AIM OF THE TASK —
From the listing below, output the lines between the one with "Shop Crocs Slide" and the one with "Black Cargo Backpack - 3", including those two, and nothing else. Pictures are not copied.

DATA EXTRACTS —

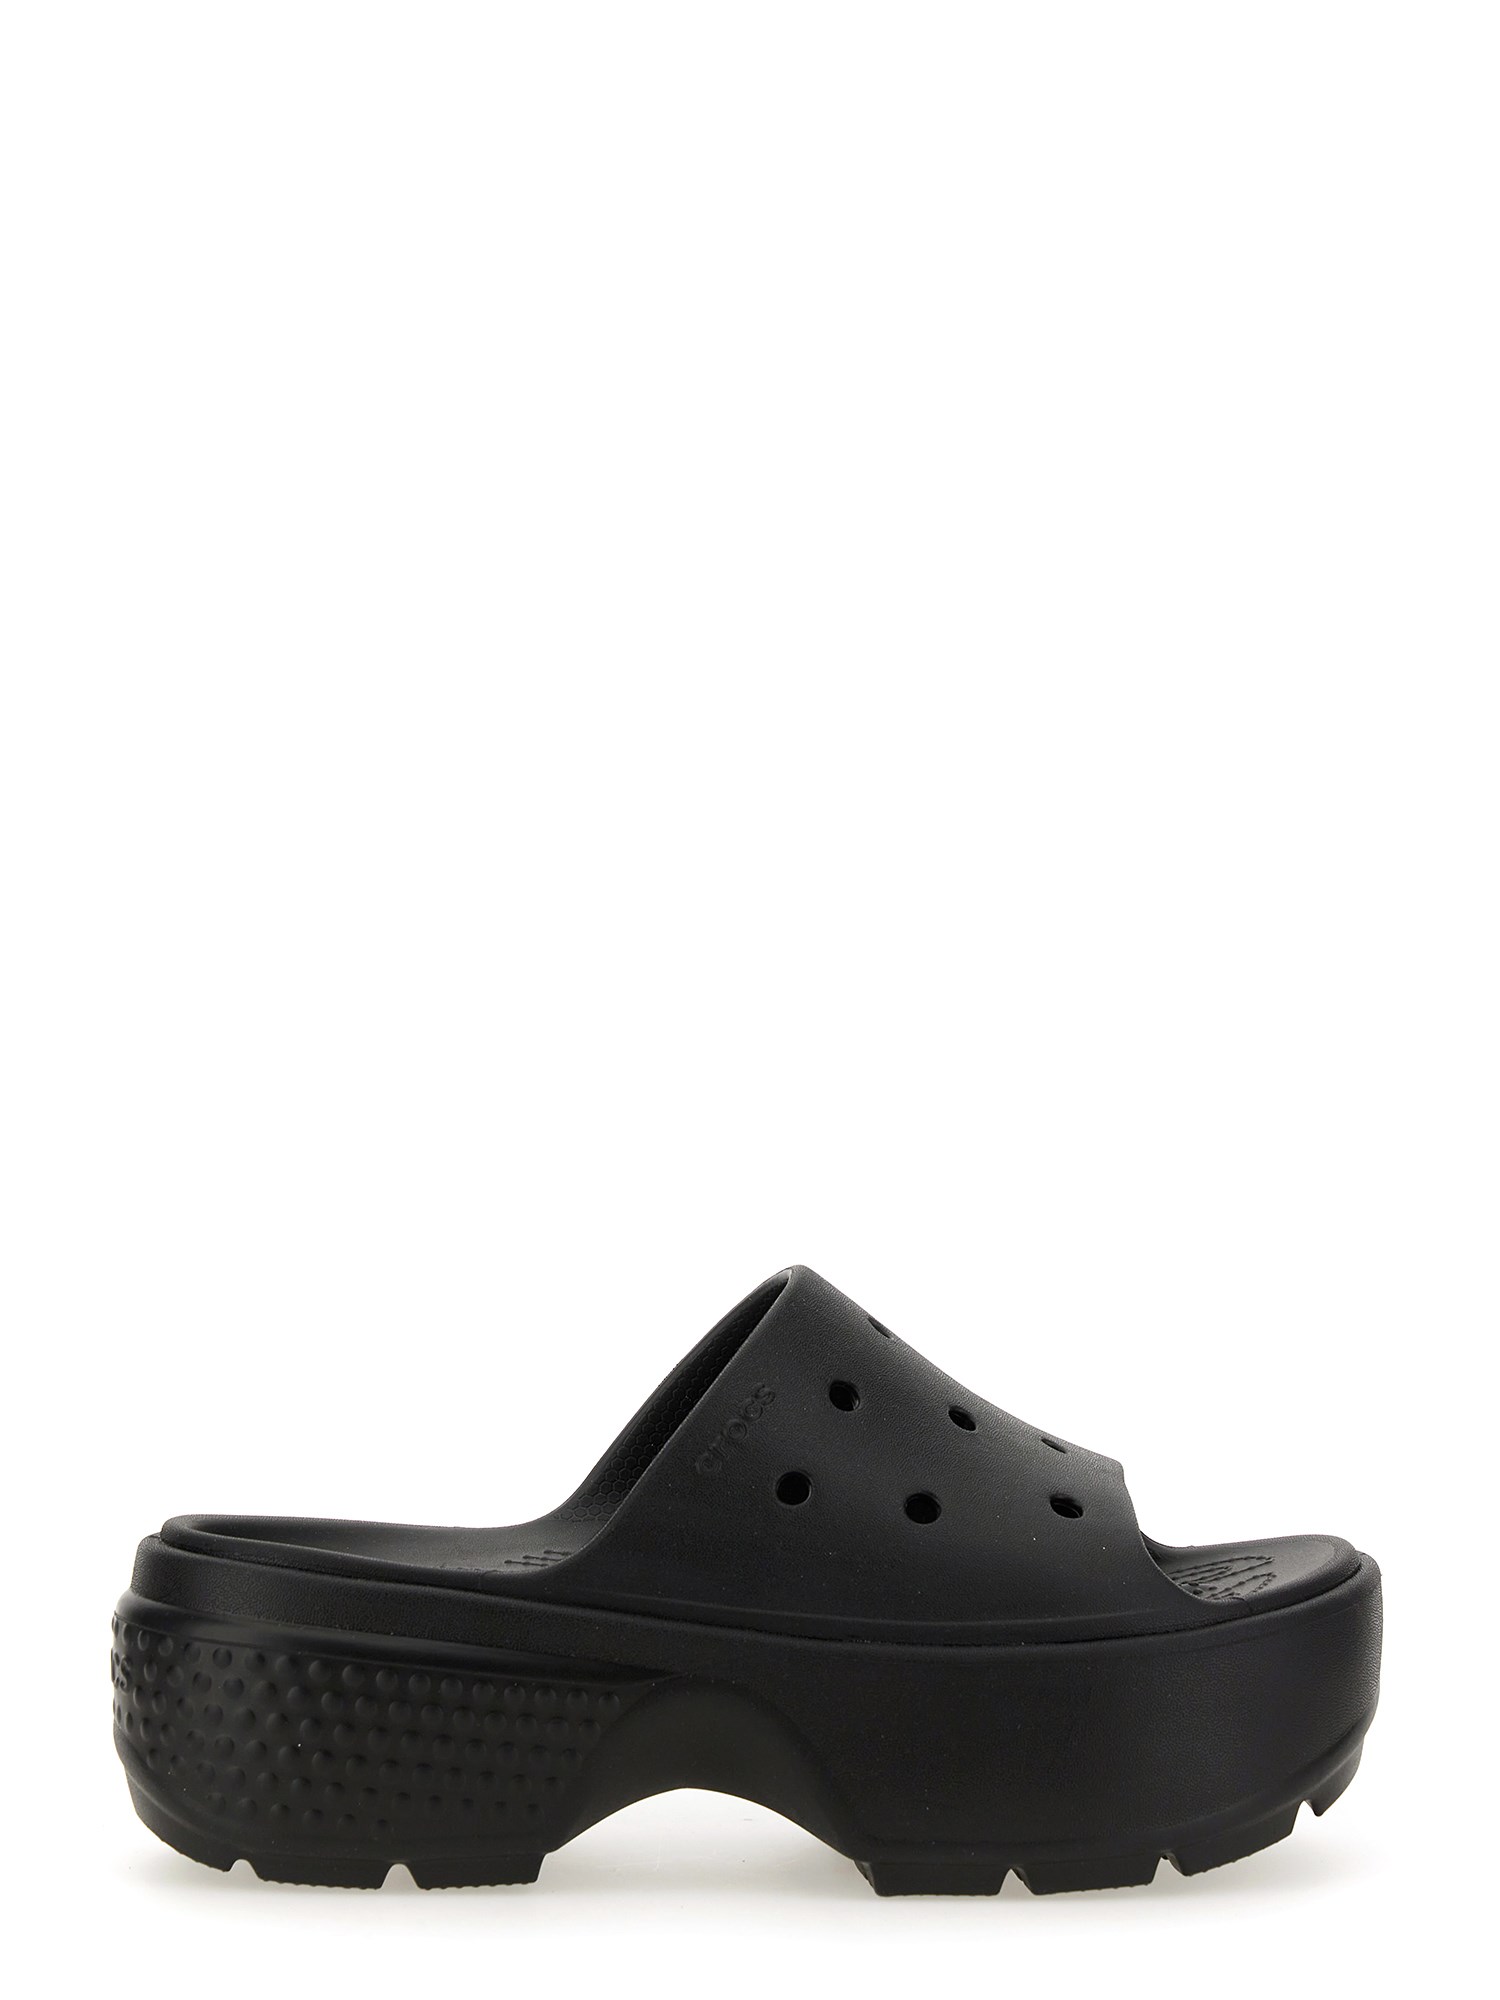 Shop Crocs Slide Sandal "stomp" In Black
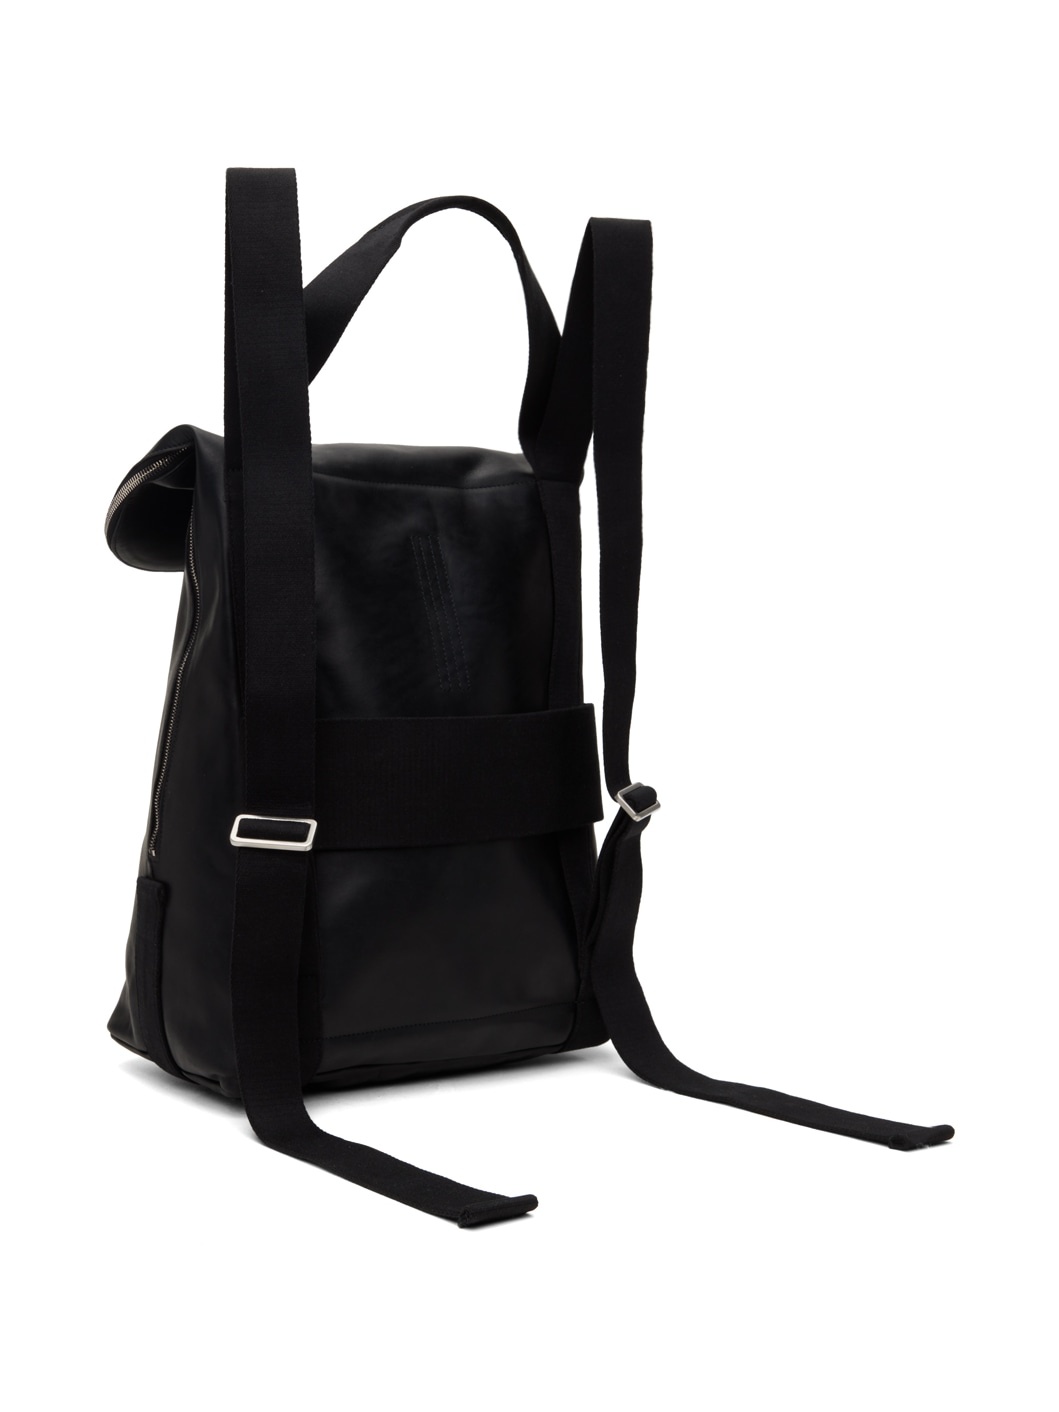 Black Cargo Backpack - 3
==
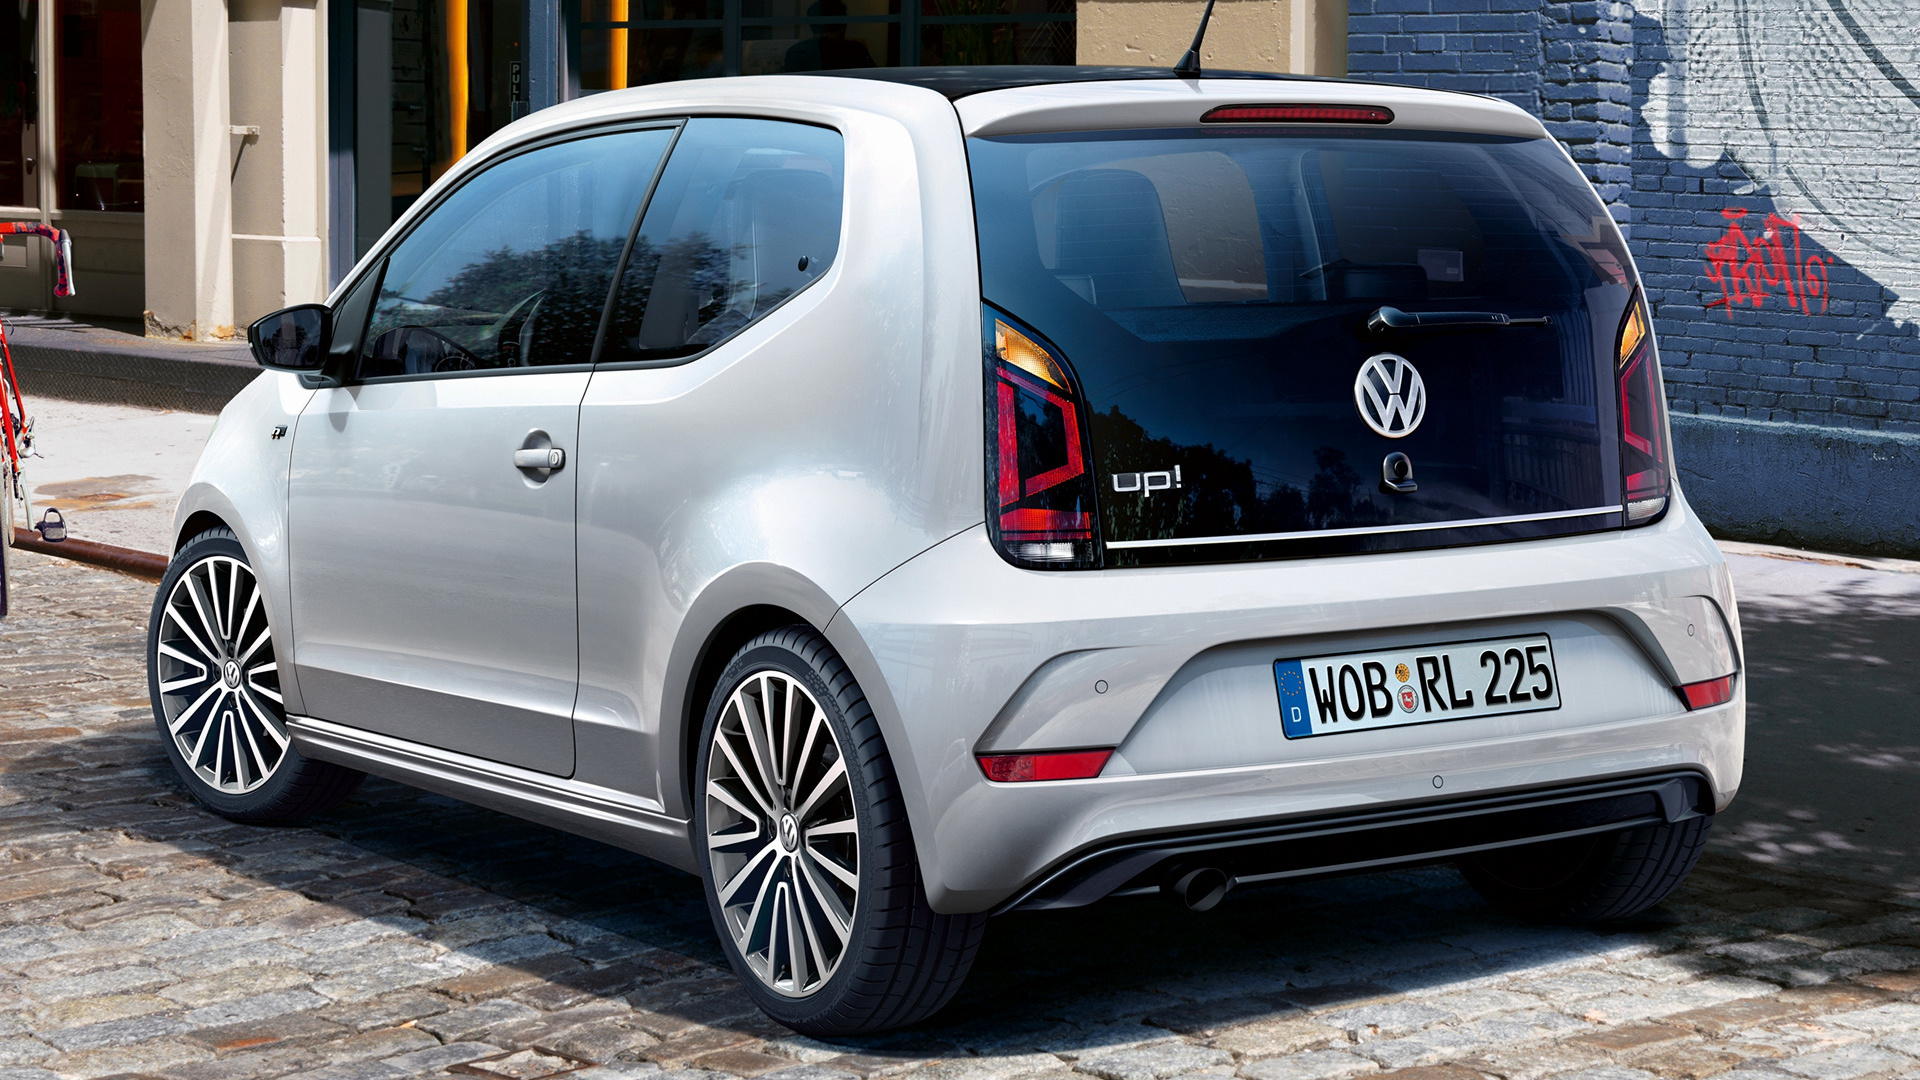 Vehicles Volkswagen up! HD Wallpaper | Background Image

WRITTEN SOLUTION —
 Shop Crocs Slide Sandal "stomp" In Black
 Black Cargo Backpack - 3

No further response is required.